I brought the issue up with an administrator who said that there had been recent complaints from a black student who had been called the N-word by another student. I realized that this wasn’t just an issue for me, but an issue for any student who had a cultural identity that was different from the mainstream.

It became clear to me that I had an opportunity to create something to nurture a greater tolerance and understanding of difference that could benefit all students, not just those from minority groups but also those from the majority; empathy for others is a key social-emotional skill that everyone can take advantage of.

World Religions & Cultures Club 2018

Out of this need, I started the World Religions and Cultures Club, a safe space where students could engage in candid group discussions about different cultural and religious identities without the fear of remaining PC or saying the wrong thing. The club was built to encourage students to be curious and vulnerable and practice empathetic listening in cultural dialogues.

Each monthly meeting focused on a different religious or cultural group and was led by a local faith or cultural leader. Over the course of the semester, we had leaders from the Buddhist, Jewish, Christian, and Black – Canadian communities visit our club and share their personal experiences and important cultural artifacts. We also prepared and shared religiously significant food at each meeting – in Judaism and many other cultures, the sharing of food is a keyway to be immersed in a new tradition. I provided the group with discussion questions to prompt reflection on the root causes of oppression and prejudice but students had the opportunity to guide the conversation in any direction that they wanted the group to consider. We sat in a circle, creating an equal space for students to share, explore and learn from each other.

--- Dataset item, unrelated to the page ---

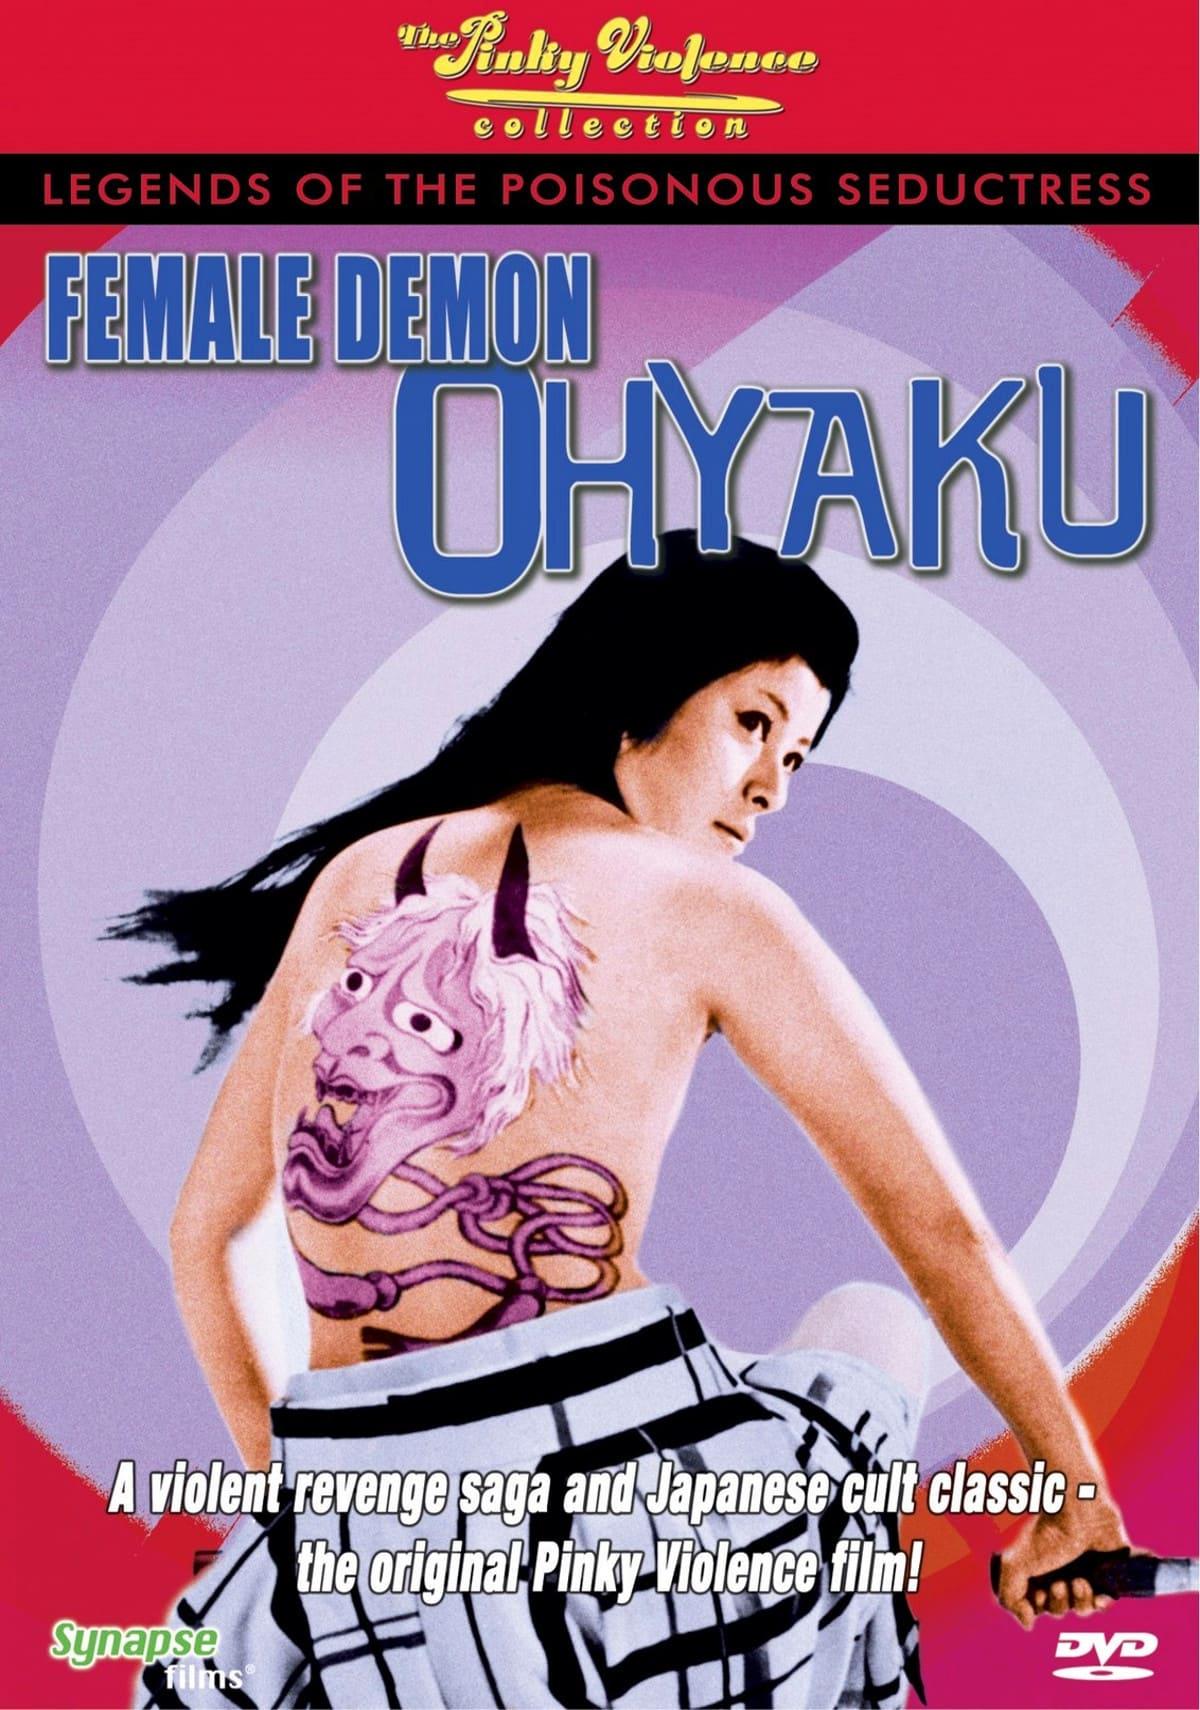 Ohyaku: The Female Demon poster

The club also put up posters around the school to introduce different holidays celebrated around Christmas by other religious and cultural groups. The colorful posters were affixed in every hallway and room throughout the school. That year, green and red were not the only colours that were displayed.

Our most notable accomplishment was inviting a Holocaust survivor to speak to our student body and to other community members. This was a fixture of my educational experience in Los Angeles. Julius Maslovat was the youngest survivor of the Buchenwald concentration camp. He came to our school from Victoria to tell his story, one of great courage, sadness, and chance. When he had finished, many students and teachers had tears in their eyes. He received three standing ovations.

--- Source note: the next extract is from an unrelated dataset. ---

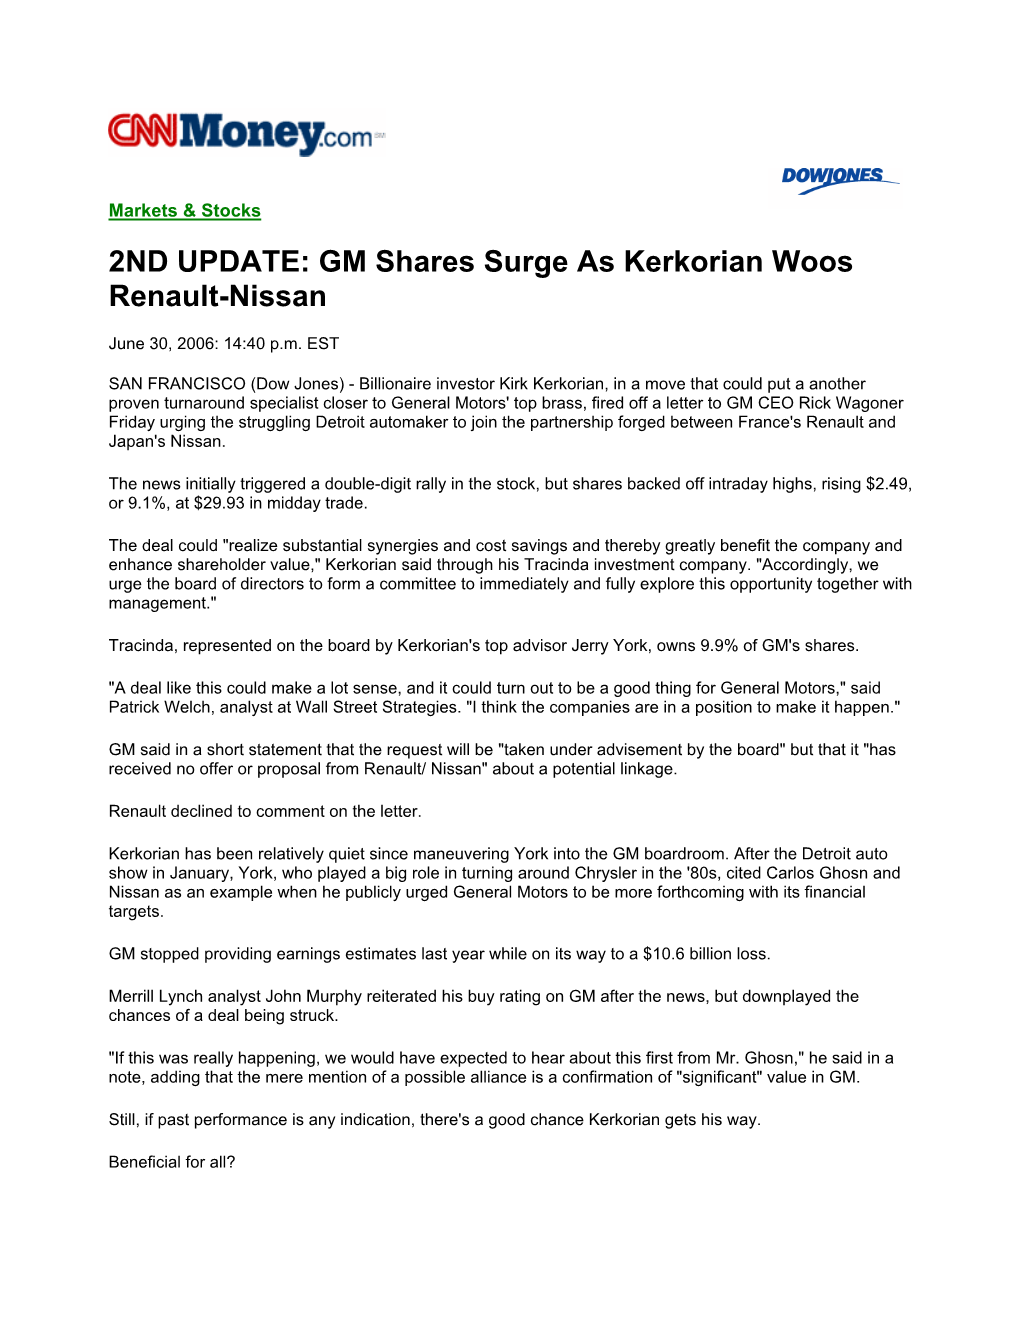 GM Shares Surge As Kerkorian Woos Renault-Nissan

Peter Levitt, a local Buddhist faith leader, talks with students of the Gulf Islands Secondary School.

At the root of it, the club aimed to empower individuals to understand people who seemed different from them, approach them with curiosity and empathy, and to use their voice to speak out against injustice. Those who attended events at the World Religions and Culture Club left with a greater capacity to practice these social-emotional skills.

I have taken these lessons with me when I have encountered further instances of prejudice, either directed towards me or someone in my presence. In those moments, I have felt a sense of courage to use my voice instead of staying silent.

Sometime later, I approached the boy who made the comment about the chef’s hat. With composure and kindness, I told him how his comments had affected me and shared with him the cultural significance of the Kippah, the head covering that is not a hat at all, but a sign of respect for God during prayer for many religious Jews.

His response was quite unexpected. He told me that he himself was Jewish! He had been unaware of the harm that he had caused and apologized. We laughed it off and have remained on good terms. I was fortunate that we were both able to lead with curiosity and compassion for one another to come to a place of commonality despite our differences.

Adele Mark is a fourth-year undergraduate student studying Sociology and Global Development Studies at the University of Victoria. She was involved in the Pass It On program in high school at Gulf Islands Secondary School. She has held a student work position with The Circle Education since 2021.